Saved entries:
========

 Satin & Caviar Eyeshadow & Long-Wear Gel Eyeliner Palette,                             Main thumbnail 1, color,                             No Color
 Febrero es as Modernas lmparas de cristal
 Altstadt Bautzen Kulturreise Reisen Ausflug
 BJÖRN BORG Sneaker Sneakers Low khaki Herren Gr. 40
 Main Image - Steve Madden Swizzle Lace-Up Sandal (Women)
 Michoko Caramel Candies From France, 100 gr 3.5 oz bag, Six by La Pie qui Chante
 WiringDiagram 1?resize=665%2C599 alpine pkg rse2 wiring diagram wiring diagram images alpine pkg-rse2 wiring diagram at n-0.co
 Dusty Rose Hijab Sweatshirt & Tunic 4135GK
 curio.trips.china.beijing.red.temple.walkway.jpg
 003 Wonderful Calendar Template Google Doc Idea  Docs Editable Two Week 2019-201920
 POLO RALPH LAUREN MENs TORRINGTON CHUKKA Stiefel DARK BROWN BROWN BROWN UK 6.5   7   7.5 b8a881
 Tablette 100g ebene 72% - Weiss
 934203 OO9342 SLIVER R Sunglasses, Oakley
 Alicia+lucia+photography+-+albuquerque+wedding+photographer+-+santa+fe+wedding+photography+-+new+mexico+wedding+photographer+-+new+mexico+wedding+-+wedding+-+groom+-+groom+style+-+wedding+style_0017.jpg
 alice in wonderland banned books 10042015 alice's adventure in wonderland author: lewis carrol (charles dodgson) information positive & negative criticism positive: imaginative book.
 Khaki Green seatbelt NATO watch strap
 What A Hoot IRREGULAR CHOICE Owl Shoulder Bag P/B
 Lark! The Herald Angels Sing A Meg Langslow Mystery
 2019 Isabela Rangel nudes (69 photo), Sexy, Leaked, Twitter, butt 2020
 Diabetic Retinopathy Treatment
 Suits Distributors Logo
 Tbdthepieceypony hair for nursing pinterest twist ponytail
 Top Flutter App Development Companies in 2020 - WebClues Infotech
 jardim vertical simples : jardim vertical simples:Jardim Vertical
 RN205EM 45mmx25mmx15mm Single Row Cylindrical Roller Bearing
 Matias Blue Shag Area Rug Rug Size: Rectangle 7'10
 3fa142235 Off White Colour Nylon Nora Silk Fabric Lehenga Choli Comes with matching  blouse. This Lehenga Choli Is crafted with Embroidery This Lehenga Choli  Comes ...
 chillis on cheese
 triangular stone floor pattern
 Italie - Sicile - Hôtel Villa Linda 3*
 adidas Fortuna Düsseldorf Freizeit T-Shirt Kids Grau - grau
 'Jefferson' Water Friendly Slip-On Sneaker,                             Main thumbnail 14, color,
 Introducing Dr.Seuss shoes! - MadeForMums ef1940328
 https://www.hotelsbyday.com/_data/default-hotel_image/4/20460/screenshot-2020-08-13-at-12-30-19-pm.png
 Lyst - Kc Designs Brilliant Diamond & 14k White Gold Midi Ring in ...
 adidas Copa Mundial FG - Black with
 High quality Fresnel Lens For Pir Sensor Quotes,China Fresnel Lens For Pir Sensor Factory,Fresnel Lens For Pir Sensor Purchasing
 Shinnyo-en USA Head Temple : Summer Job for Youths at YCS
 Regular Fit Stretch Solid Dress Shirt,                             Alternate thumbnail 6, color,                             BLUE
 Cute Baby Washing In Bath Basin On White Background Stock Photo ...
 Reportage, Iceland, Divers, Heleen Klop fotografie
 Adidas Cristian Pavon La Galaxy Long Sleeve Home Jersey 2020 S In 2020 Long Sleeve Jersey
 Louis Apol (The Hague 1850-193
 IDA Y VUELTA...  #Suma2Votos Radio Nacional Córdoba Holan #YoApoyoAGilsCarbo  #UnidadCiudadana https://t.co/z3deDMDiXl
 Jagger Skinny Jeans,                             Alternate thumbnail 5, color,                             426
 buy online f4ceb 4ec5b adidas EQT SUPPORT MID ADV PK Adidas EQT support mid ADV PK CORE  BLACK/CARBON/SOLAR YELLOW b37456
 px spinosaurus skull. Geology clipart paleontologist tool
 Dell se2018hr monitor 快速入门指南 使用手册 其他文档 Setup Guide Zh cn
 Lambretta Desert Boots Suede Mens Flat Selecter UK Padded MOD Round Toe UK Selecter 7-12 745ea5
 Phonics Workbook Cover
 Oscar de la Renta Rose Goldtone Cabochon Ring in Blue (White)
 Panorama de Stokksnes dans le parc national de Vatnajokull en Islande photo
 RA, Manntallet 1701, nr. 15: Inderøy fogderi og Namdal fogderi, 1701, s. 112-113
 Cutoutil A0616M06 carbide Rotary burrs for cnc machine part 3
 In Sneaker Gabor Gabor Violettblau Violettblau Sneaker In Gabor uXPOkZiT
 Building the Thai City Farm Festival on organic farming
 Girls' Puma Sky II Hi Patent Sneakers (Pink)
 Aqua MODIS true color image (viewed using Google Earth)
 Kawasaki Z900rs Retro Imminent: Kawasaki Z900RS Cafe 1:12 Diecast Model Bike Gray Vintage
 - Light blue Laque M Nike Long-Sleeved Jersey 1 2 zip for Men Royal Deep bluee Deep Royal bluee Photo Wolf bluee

========

**How to complete this task**:
Retype each line above, keeping every character.

**Output of the task**:
 Satin & Caviar Eyeshadow & Long-Wear Gel Eyeliner Palette,                             Main thumbnail 1, color,                             No Color
 Febrero es as Modernas lmparas de cristal
 Altstadt Bautzen Kulturreise Reisen Ausflug
 BJÖRN BORG Sneaker Sneakers Low khaki Herren Gr. 40
 Main Image - Steve Madden Swizzle Lace-Up Sandal (Women)
 Michoko Caramel Candies From France, 100 gr 3.5 oz bag, Six by La Pie qui Chante
 WiringDiagram 1?resize=665%2C599 alpine pkg rse2 wiring diagram wiring diagram images alpine pkg-rse2 wiring diagram at n-0.co
 Dusty Rose Hijab Sweatshirt & Tunic 4135GK
 curio.trips.china.beijing.red.temple.walkway.jpg
 003 Wonderful Calendar Template Google Doc Idea  Docs Editable Two Week 2019-201920
 POLO RALPH LAUREN MENs TORRINGTON CHUKKA Stiefel DARK BROWN BROWN BROWN UK 6.5   7   7.5 b8a881
 Tablette 100g ebene 72% - Weiss
 934203 OO9342 SLIVER R Sunglasses, Oakley
 Alicia+lucia+photography+-+albuquerque+wedding+photographer+-+santa+fe+wedding+photography+-+new+mexico+wedding+photographer+-+new+mexico+wedding+-+wedding+-+groom+-+groom+style+-+wedding+style_0017.jpg
 alice in wonderland banned books 10042015 alice's adventure in wonderland author: lewis carrol (charles dodgson) information positive & negative criticism positive: imaginative book.
 Khaki Green seatbelt NATO watch strap
 What A Hoot IRREGULAR CHOICE Owl Shoulder Bag P/B
 Lark! The Herald Angels Sing A Meg Langslow Mystery
 2019 Isabela Rangel nudes (69 photo), Sexy, Leaked, Twitter, butt 2020
 Diabetic Retinopathy Treatment
 Suits Distributors Logo
 Tbdthepieceypony hair for nursing pinterest twist ponytail
 Top Flutter App Development Companies in 2020 - WebClues Infotech
 jardim vertical simples : jardim vertical simples:Jardim Vertical
 RN205EM 45mmx25mmx15mm Single Row Cylindrical Roller Bearing
 Matias Blue Shag Area Rug Rug Size: Rectangle 7'10
 3fa142235 Off White Colour Nylon Nora Silk Fabric Lehenga Choli Comes with matching  blouse. This Lehenga Choli Is crafted with Embroidery This Lehenga Choli  Comes ...
 chillis on cheese
 triangular stone floor pattern
 Italie - Sicile - Hôtel Villa Linda 3*
 adidas Fortuna Düsseldorf Freizeit T-Shirt Kids Grau - grau
 'Jefferson' Water Friendly Slip-On Sneaker,                             Main thumbnail 14, color,
 Introducing Dr.Seuss shoes! - MadeForMums ef1940328
 https://www.hotelsbyday.com/_data/default-hotel_image/4/20460/screenshot-2020-08-13-at-12-30-19-pm.png
 Lyst - Kc Designs Brilliant Diamond & 14k White Gold Midi Ring in ...
 adidas Copa Mundial FG - Black with
 High quality Fresnel Lens For Pir Sensor Quotes,China Fresnel Lens For Pir Sensor Factory,Fresnel Lens For Pir Sensor Purchasing
 Shinnyo-en USA Head Temple : Summer Job for Youths at YCS
 Regular Fit Stretch Solid Dress Shirt,                             Alternate thumbnail 6, color,                             BLUE
 Cute Baby Washing In Bath Basin On White Background Stock Photo ...
 Reportage, Iceland, Divers, Heleen Klop fotografie
 Adidas Cristian Pavon La Galaxy Long Sleeve Home Jersey 2020 S In 2020 Long Sleeve Jersey
 Louis Apol (The Hague 1850-193
 IDA Y VUELTA...  #Suma2Votos Radio Nacional Córdoba Holan #YoApoyoAGilsCarbo  #UnidadCiudadana https://t.co/z3deDMDiXl
 Jagger Skinny Jeans,                             Alternate thumbnail 5, color,                             426
 buy online f4ceb 4ec5b adidas EQT SUPPORT MID ADV PK Adidas EQT support mid ADV PK CORE  BLACK/CARBON/SOLAR YELLOW b37456
 px spinosaurus skull. Geology clipart paleontologist tool
 Dell se2018hr monitor 快速入门指南 使用手册 其他文档 Setup Guide Zh cn
 Lambretta Desert Boots Suede Mens Flat Selecter UK Padded MOD Round Toe UK Selecter 7-12 745ea5
 Phonics Workbook Cover
 Oscar de la Renta Rose Goldtone Cabochon Ring in Blue (White)
 Panorama de Stokksnes dans le parc national de Vatnajokull en Islande photo
 RA, Manntallet 1701, nr. 15: Inderøy fogderi og Namdal fogderi, 1701, s. 112-113
 Cutoutil A0616M06 carbide Rotary burrs for cnc machine part 3
 In Sneaker Gabor Gabor Violettblau Violettblau Sneaker In Gabor uXPOkZiT
 Building the Thai City Farm Festival on organic farming
 Girls' Puma Sky II Hi Patent Sneakers (Pink)
 Aqua MODIS true color image (viewed using Google Earth)
 Kawasaki Z900rs Retro Imminent: Kawasaki Z900RS Cafe 1:12 Diecast Model Bike Gray Vintage
 - Light blue Laque M Nike Long-Sleeved Jersey 1 2 zip for Men Royal Deep bluee Deep Royal bluee Photo Wolf bluee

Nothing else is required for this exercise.